Article 14 CRA notifications are made to ENISA in [COMPANY NAME]'s capacity as a manufacturer. [COMPANY NAME]'s obligations under Article 14 are distinct from the reporting obligations of critical infrastructure operators under NIS2.

However, where [COMPANY NAME] becomes aware that a vulnerability in our products is being actively exploited against NIS2-essential service operators, we will additionally notify the relevant national CSIRT(s) to enable sector-level coordination.

Notifications are submitted via the ENISA Single Reporting Platform (SRP).

[COMPANY NAME] authorises good-faith security research on [COMPANY NAME] products conducted in accordance with this policy.
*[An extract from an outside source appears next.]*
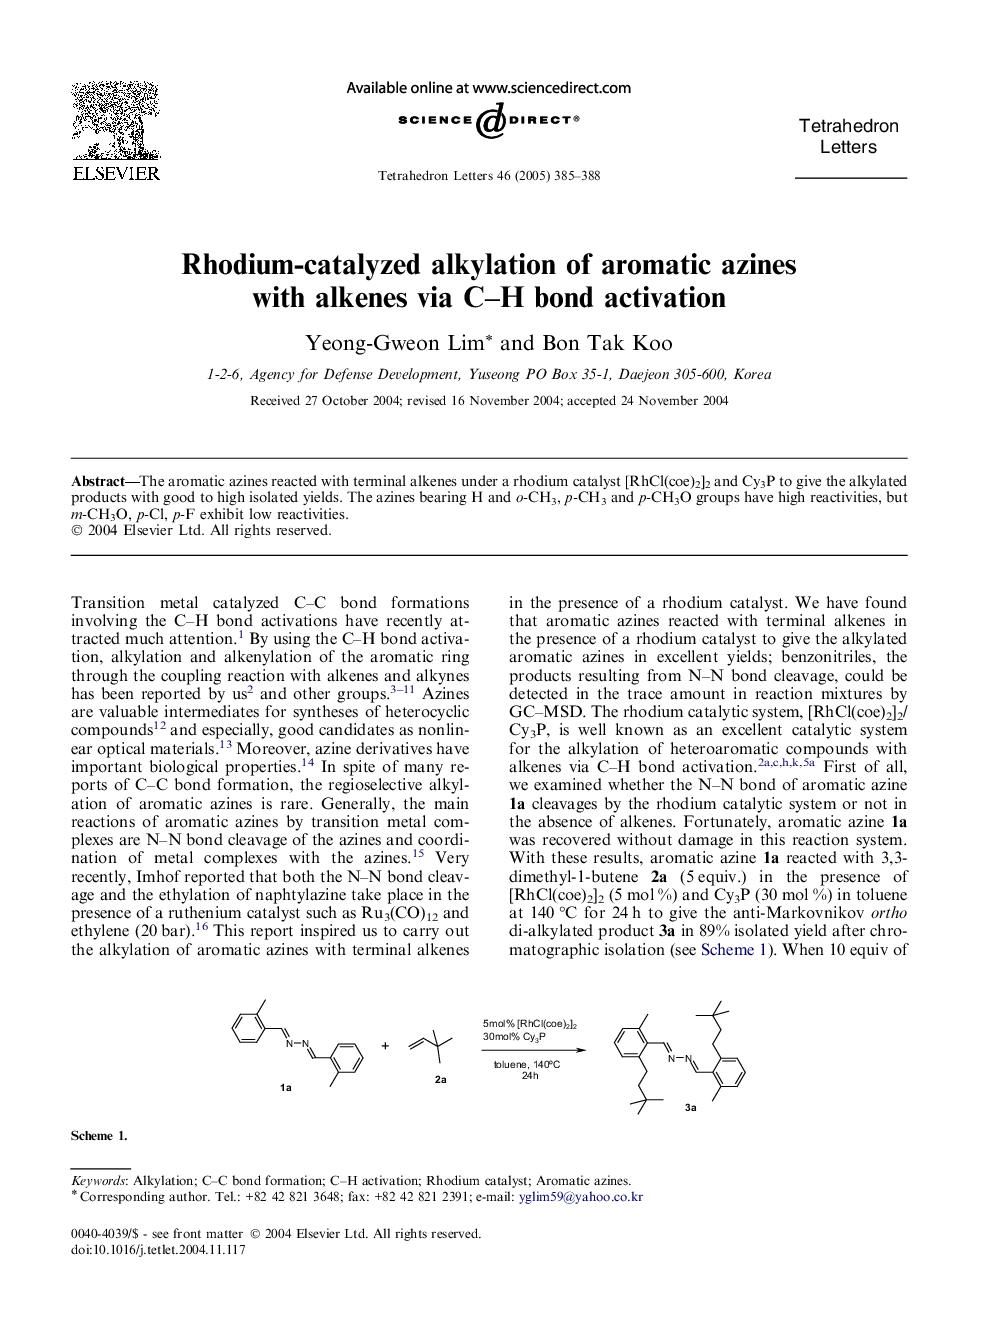 Rhodium-catalyzed alkylation of aromatic azines with alkenes via C-H bond activation

We will not take legal action against researchers who:

• Follow this policy
• Conduct research using test equipment or lab environments, not production OT systems
• Limit testing to what is strictly necessary to confirm the vulnerability exists
• Report to us before any public or third-party disclosure

Critical OT safety restriction: Security research on [COMPANY NAME] products must NOT be conducted on equipment connected to live production, operational, or safety-critical systems. Testing on live industrial control systems can cause unexpected process states, equipment damage, or physical harm.

[COMPANY NAME] can provide access to a dedicated test environment for researchers requiring realistic hardware or software configurations for OT research. Contact [[email protected]] with a description of your research to request access.

Responsible disclosure for OT vulnerabilities: We ask researchers to exercise particular care in timing public disclosure of vulnerabilities affecting OT systems, given the longer patch deployment windows in operational environments. We will always honour our 90-day coordinated disclosure timeline, but we may request an extension of up to [30] days for vulnerabilities requiring certified configuration testing before patch deployment. We will not request unlimited extensions.